Auch auf die Gefahr hin, mich zu wiederholen, das englische Adjektiv “regular” ist mit “regulär” nicht sinngemäß übersetzt. Man muss sogar vermuten, dass hier bewusst die ungebräuchlichste Bedeutung herangezogen wurde, um dem Bürger Sand in die Augen zu streuen. Ein Blick in die Online-Angebote von Leo.org und en.oxforddictionaries.com zeigt, dass eine Übersetzung mit “regelmässig” wohl den Kern der Sache viel eher trifft. Die Erklärungen im Oxford-Dictionary sprechen wahrlich Bände: - Recurring at uniform intervals - Done or happening frequently Manipulation durch Weglassen, Verzerren und Vertuschen der eigentlichen Bedeutung.

HaJo Wolf / 20.11.2018

Tja, wenn die Vollpfosten, die diesen Nonsens erfunden haben, ein klein wenig in der Geschichte der letzten 2000 Jahre geblättert hätten, dann hätten Sie festgestellt, dass unbegrenzte Migration stets zum Untergang der Zivilisationen und Reiche führte, in die die Völkerhorden “einwanderten”. Moment… gerade fällt es mir wie Schuppen aus den Haaren: das linksgrüne Gesox und die Merkel-Entourgae inklusive der Chefin HABEN sich in der Geschichte umgetan: die zügel- und grenzenlose Einwanderung in unser Land SOLL unsere Zivilisation verändern, bis nichts mehr davon übrig bleibt. Und weil wir, der nicht linksgründämliche Rest der Deutschen, dem tatenlos zuschauen, wird es auch gelingen. Das macht noch sprachloser und zorniger als die staats- und volksfeindlichen Handlungen der oben genannten Politiker.
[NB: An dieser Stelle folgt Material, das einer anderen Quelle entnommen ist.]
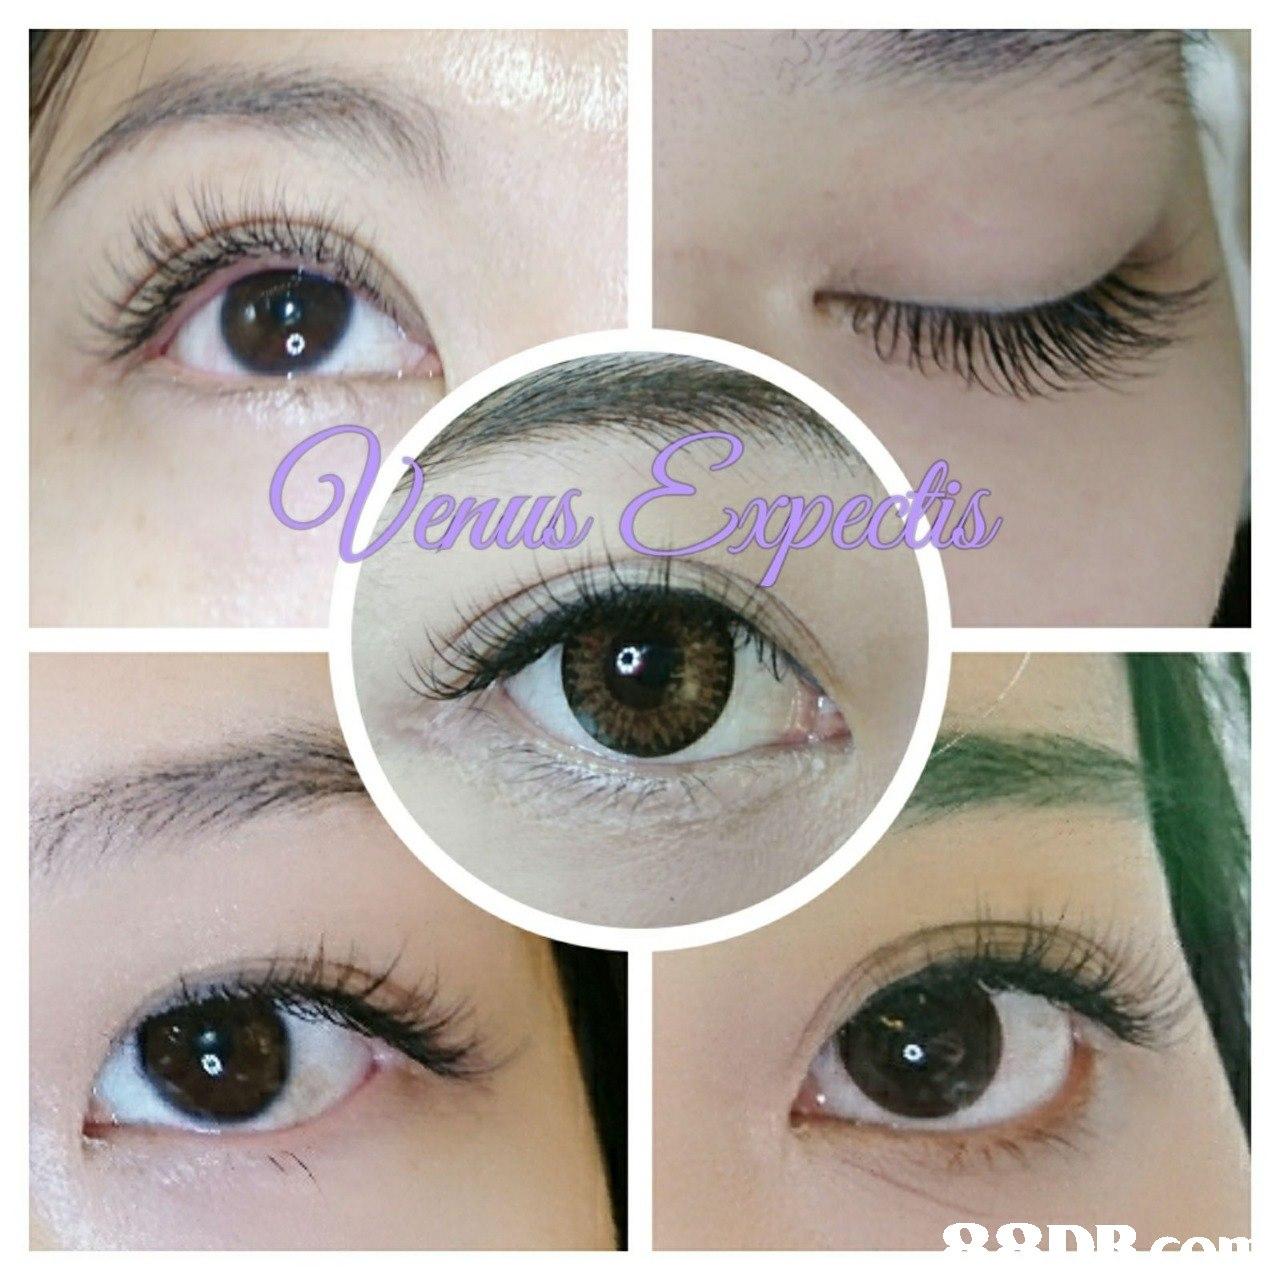 eyebrow,eyelash,eye,cosmetics,eye shadow

Eberhard Denecke / 20.11.2018

Leider doch keine gute Nachricht für Auswanderungswillige aus “Menschland”:  Inzwischen wollen nämlich die meisten Wunsch-Ziel-Länder nicht unterschreiben. Schade auch !

Matthias Braun / 20.11.2018

Nicht die Migration ist “QUELLE DES WOHLSTANDS”, sondern unser Sozialsystem.Das wollen Millionen Menschen weltweit anzapfen; und natürlich gibt es dann eine “NACHHALTIGE ENTWICKLUNG”-zum Schlechten.

Volker greve / 20.11.2018

Problematisch wird es in Europa doch nur für die Europäer. Vielleicht sollten die Menschen hier sich mit den Gepflogenheiten in den Hauptherkunftsländern vertraut machen um Überlebensstrategien zu entwickeln. Für die wirklichen Schwachen und Hilfsbedürftigen wirds eng werden. Erschwerend kommt hinzu das der Staat den Wettbewerb zugunsten der Neubürger verändert . Es wird ja nicht so sein dass in 100 Jahren hier keine Menschen mehr leben werden , es werden nur Menschen sein die das Gesetz des Dschungels gelernt haben . Solange ein Teil der Welt relativ sicher und frei war konnten hier Fortschritte gemacht werden doch wenn die Welt irgendwann eine einzige Sowjetunion , ein einziges Nordkorea oder ein einziges Afganistan ist , ohne eine gesellschaftliche Alternative? Ist das das Ziel dieser ganzen Gleichmacherei?

Frank Grossfuss / 20.11.2018

Warum schreibt der Pakt den unterzeichnenden Staaten nicht bindend vor, aus anderen Ländern Abzuschiebende (aus welchen Gründen auch immer) wieder aufzunehmen? Und man darf gespannt sein, wie Katar die Standards der Frauenrechte, Simbabwe die Standards gegen Rassismus und Saudi Arabien die Standards der Religionsfreiheit umsetzt.